UPDATE 2-S&P, Moody's may cut Citigroup ratings
(Adds Moody's note on Wachovia)
NEW YORK, Sept 29 (Reuters) - Standard & Poor's and Moody's Investors Service on Monday placed Citigroup (C.N) ratings on review for a possible downgrade after the bank agreed to buy Wachovia Corp's banking operations.
"The acquisition imposes integration challenges at a time when Citigroup's asset quality is being undermined by weakening consumer and commercial markets," said Moody's analyst Robert Young.
Moody's rates Citigroup's senior debt at 'Aa3,' while S&P rates Citigroup's counterparty credit at 'AA-'. Both ratings are fourth-highest investment grade in the agencies' different scales.
S&P agreed integrating Wachovia WB.N may be a distraction for management at a time when it is struggling with a difficult operating environment. But overall, it does not materially add to Citigroup's risk because it is structured as the takeover of a "clean" bank, said S&P analyst Tanya Azarchs.
However, "on a stand-alone basis, Citigroup's own market-disrupted assets and mortgage loan exposures pose significant risk," said Azarchs.
Citigroup has about $100 billion of residential and commercial mortgage-related securities, leveraged loans and auction-rate securities, she said. The continued slide in asset values in recent months, particularly in Alt-A mortgages, could lead to "substantial further write-downs" in the next year.
Citigroup has already booked about $34 billion worth of write-downs related to the housing sector downturn.
"The $206 billion North American mortgage book is deteriorating rapidly, and we believe this could bring about a sharp escalation in provisioning," said Azarchs.
The Wachovia deal is a positive and will allow Citi expand its domestic network, she said. Wachovia's retail deposit base and strong franchise in the South, especially among medium-sized businesses, make it a "choice acquisition" for Citi, especially at the low price it is paying, she said.
"However, integration risk and the distractions of dealing with a poor business environment, asset risks, and corporate restructuring could prove daunting," Azarchs added.
Separately, the agencies cut some of their ratings on Wachovia and said they may cut others in the wake of the acquisition.
The deal, which was brokered by the Federal Deposit Insurance Corp., is "highly unusual," said S&P analyst Victoria Wagner.

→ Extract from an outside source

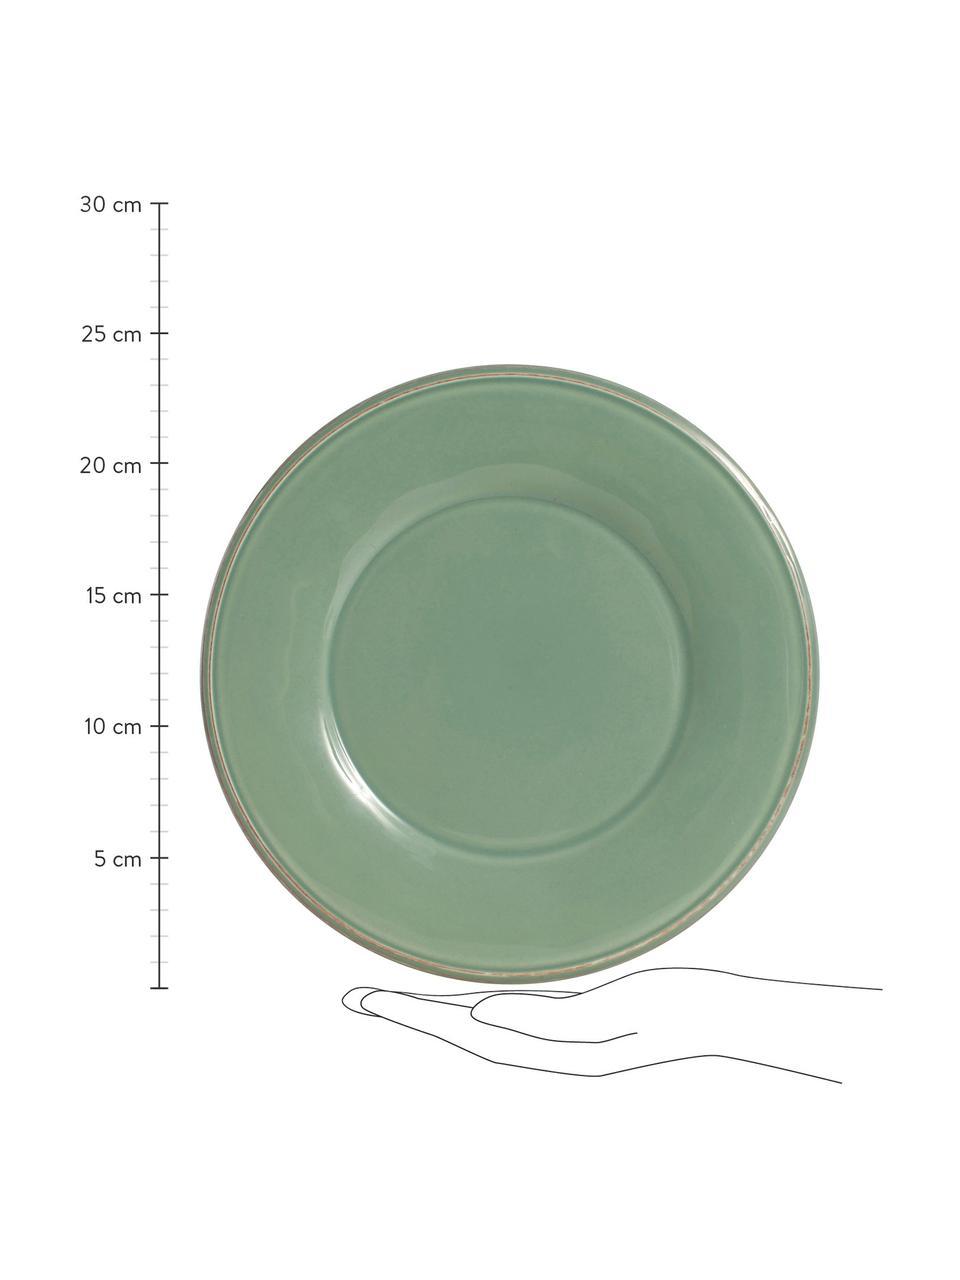 Frühstücksteller Constance im Landhaus Style, 2 Stück, Steingut, Salbeigrün, Ø 24 cm

"Clearly, this approach by U.S. regulators in the face of distressed global capital markets is driving swift negotiations among regulators, advisors, potential investors, and the troubled banks for sales and acquisitions to contain systemic risk. This environment -- combined with a need to raise capital in a stressed market with a limited pool of potential investors -- lead to this highly unusual acquisition structure," said Wagner.